On 7/8/11 Fri Jul 8, 2011 4:33 PM, "J. S. John"
scribbled:

> Hi all,
> I'm teaching myself perl. Right now, I am stuck with this script. I
> don't understand how it works. I know what it does and how to do it by
> hand.
>
> $n = 1;
> while ($n < 10) {
> $sum += $n;
> $n += 2;
> }
> print "The sum is $sum.\n"
>
> I know $sum is initially 0 (undef). I see that $sum becomes 1, then $n
> becomes 3. The loop goes back and then I don't understand. Now $sum is
> 1+3?

Yes.

The while loop will repeat as long as its conditional expression is true.
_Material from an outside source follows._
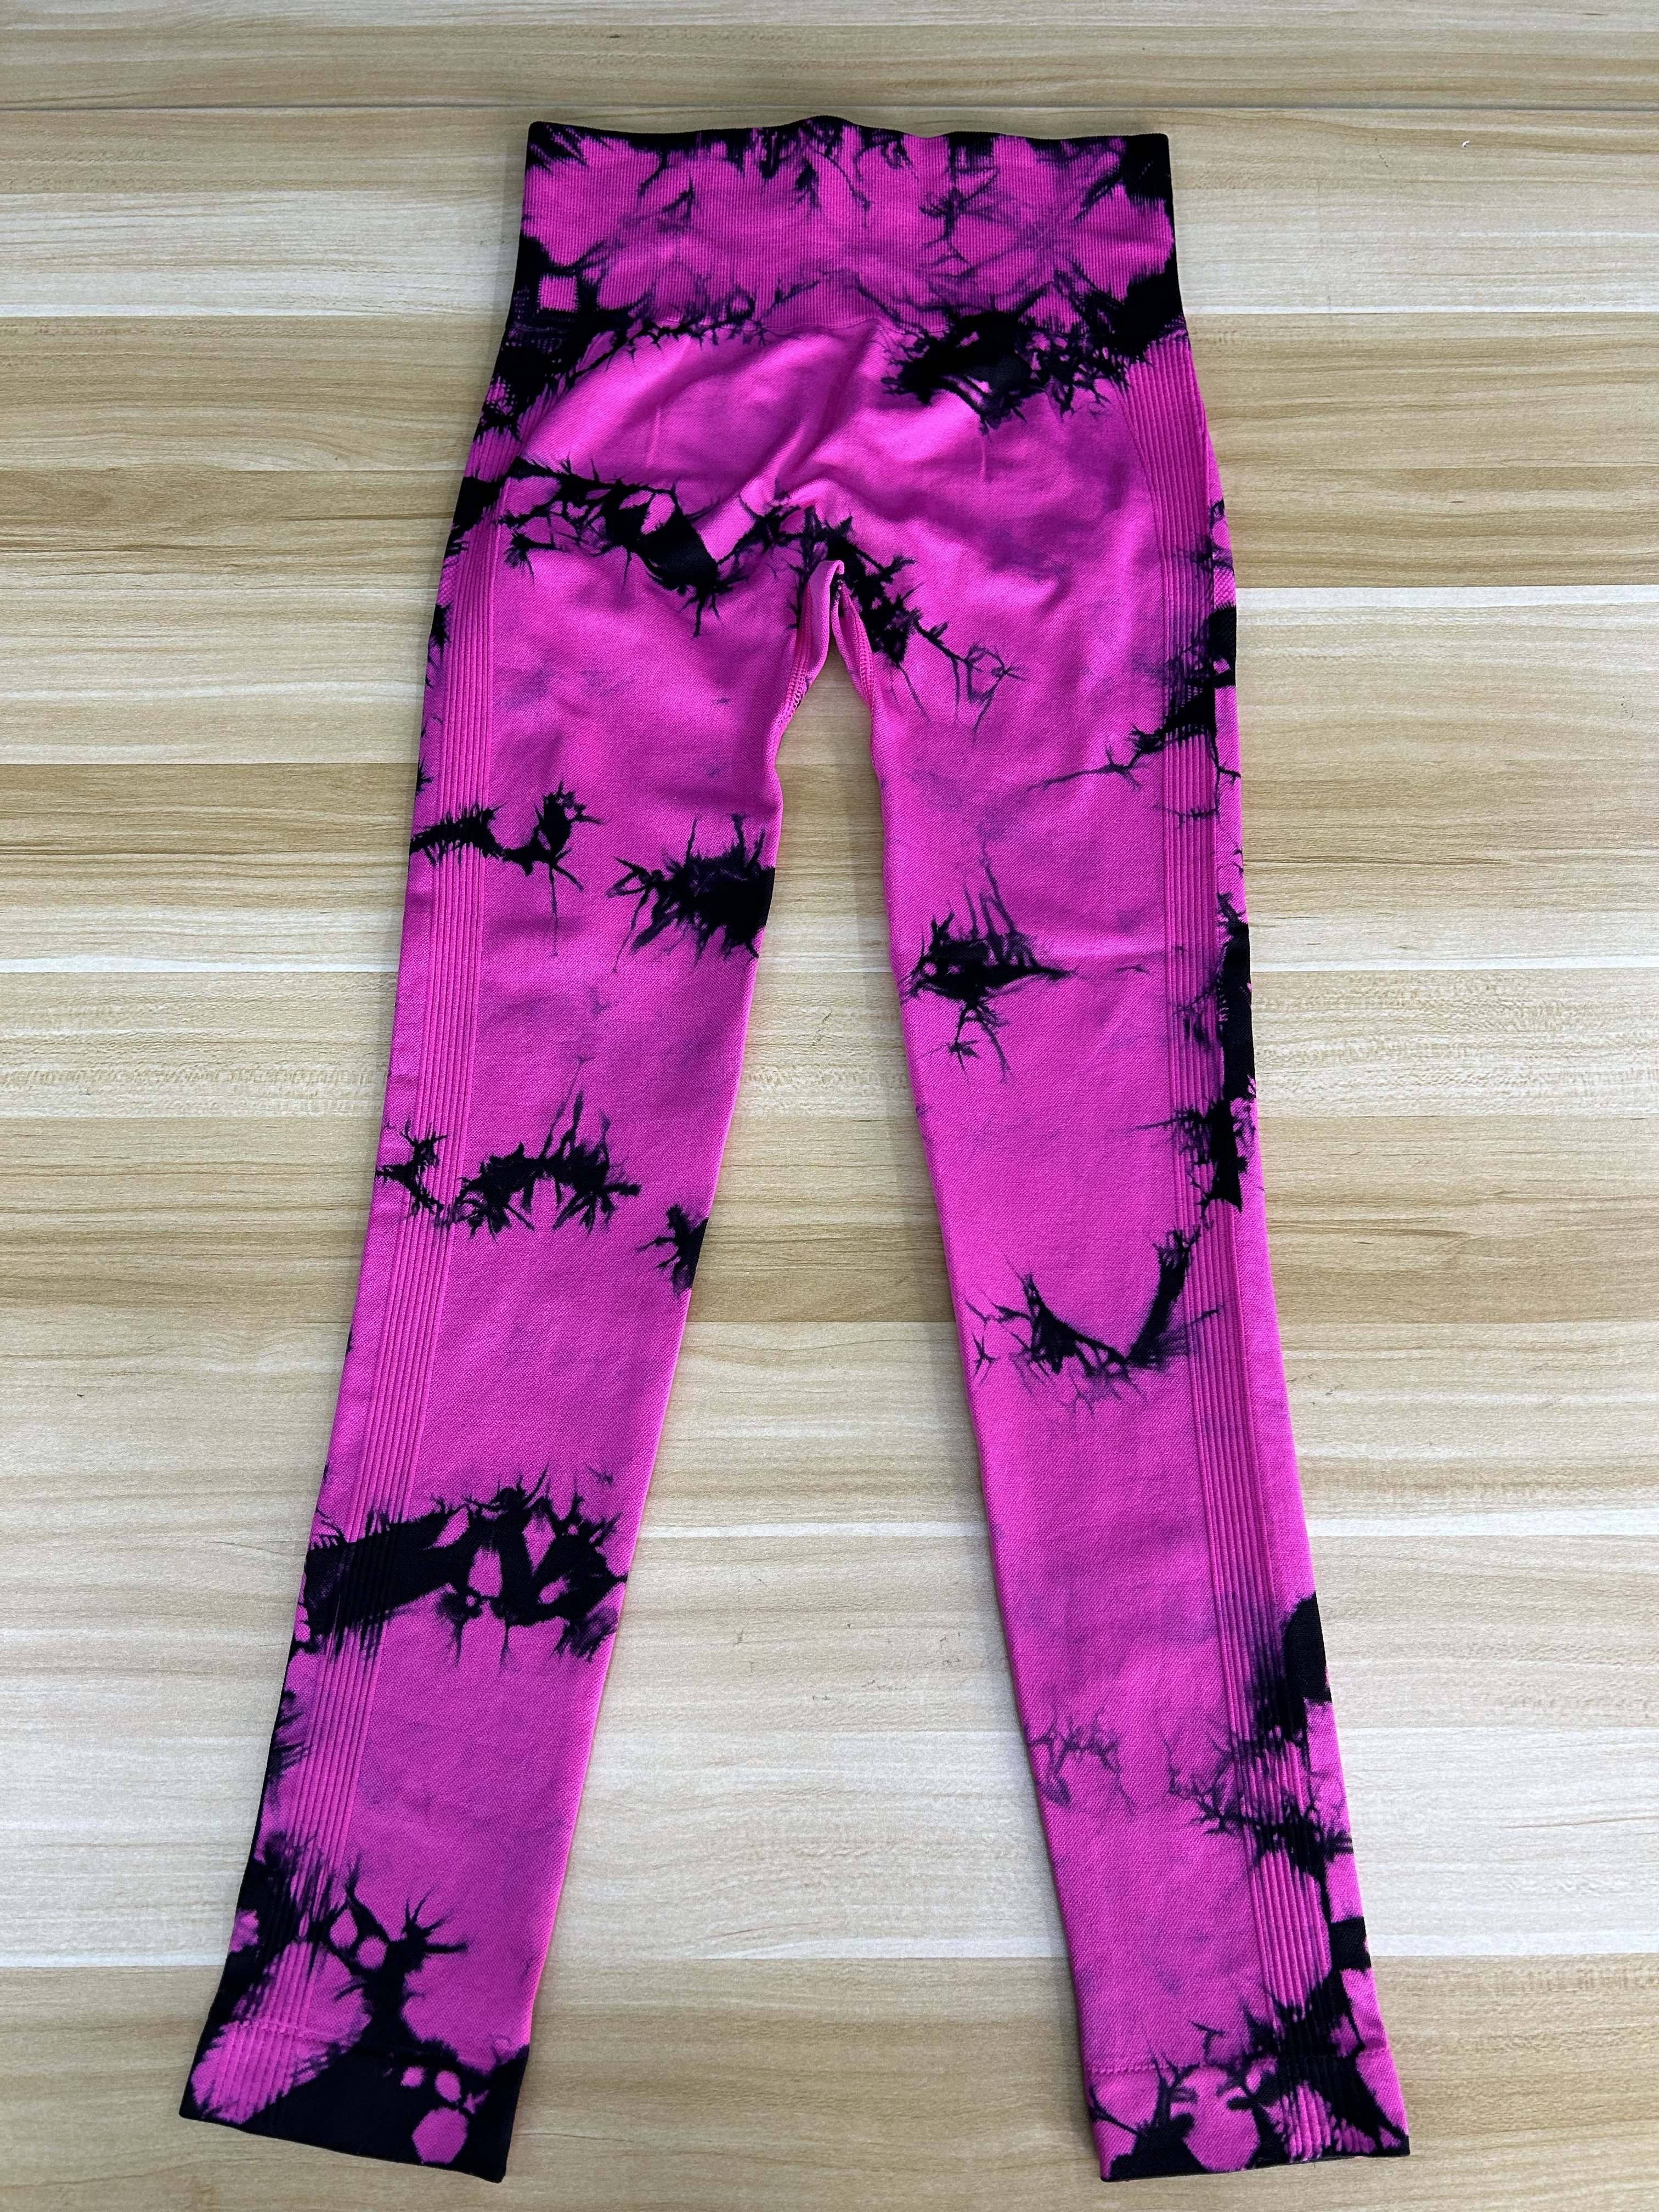 Tie Dye Stretchy Seamless Yoga Sports Pants, Breathable High Waist  Butt-lifting Fitness Gym Leggings, Women's Activewear
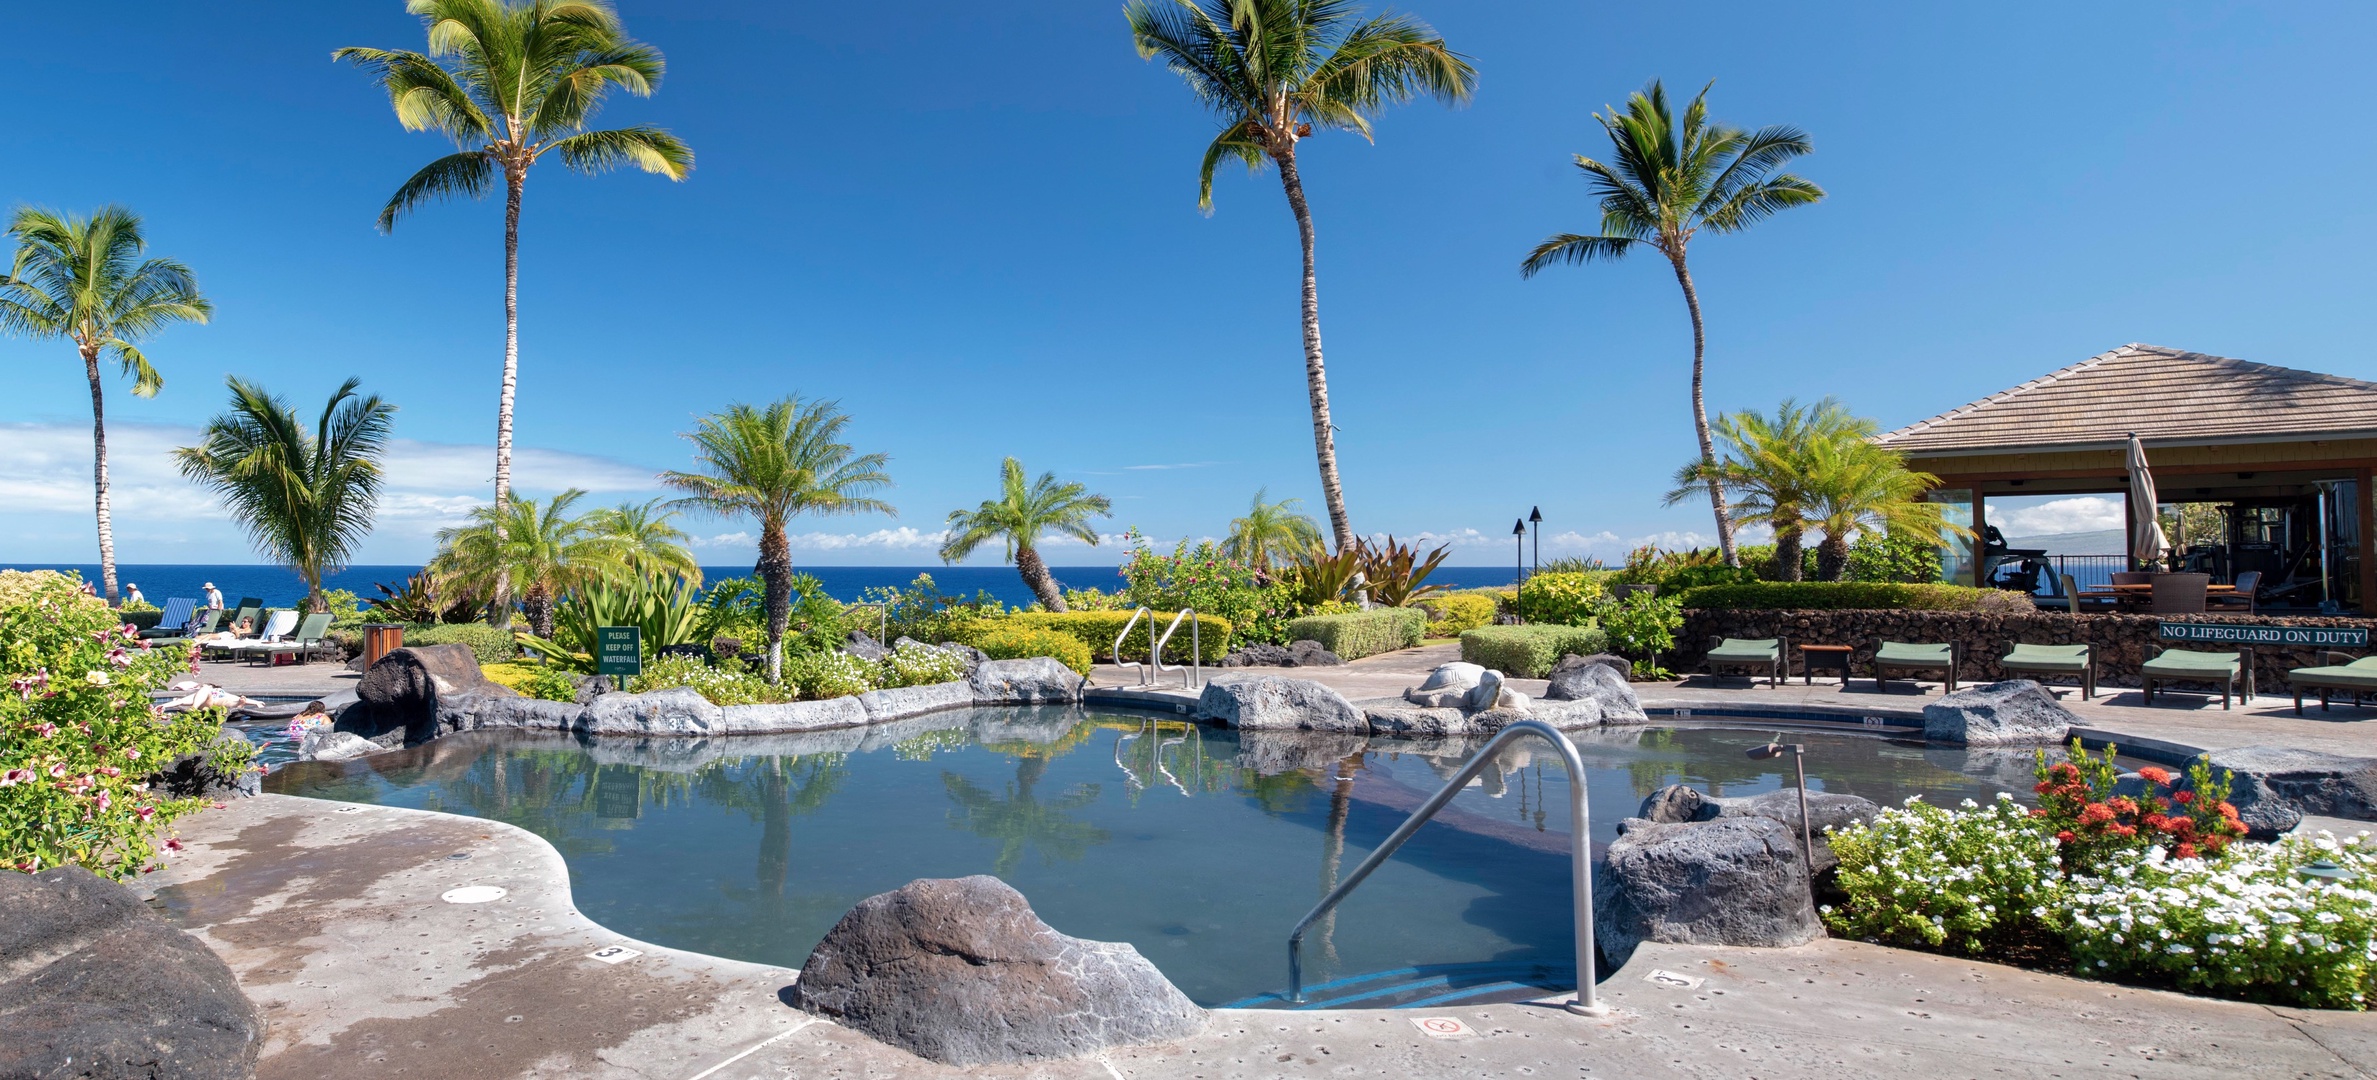 Waikoloa Vacation Rentals, 3BD Hali'i Kai (12G) at Waikoloa Resort - Hali'i Kai Resort's private swimming pool w/ multi levels and depths (fitness center in background)

In
this case, it will loop as long as $n is less than 10. Since $n is 1 at the
beginning of the loop and incremented by 2 during each iteration of the
loop, $n will have the successive values 1, 3, 5, 7, and 9 during 5 loop
iterations. At the beginning of the 6th iteration, $n has the value 11.
Since the logical expression '$n < 10' is now false, the loop body is
skipped, and execution resumes at the first line after the loop body (the
print statement).

At the end of the loop, $sum should have the value 1 + 3 + 5 + 7 + 9, or 25.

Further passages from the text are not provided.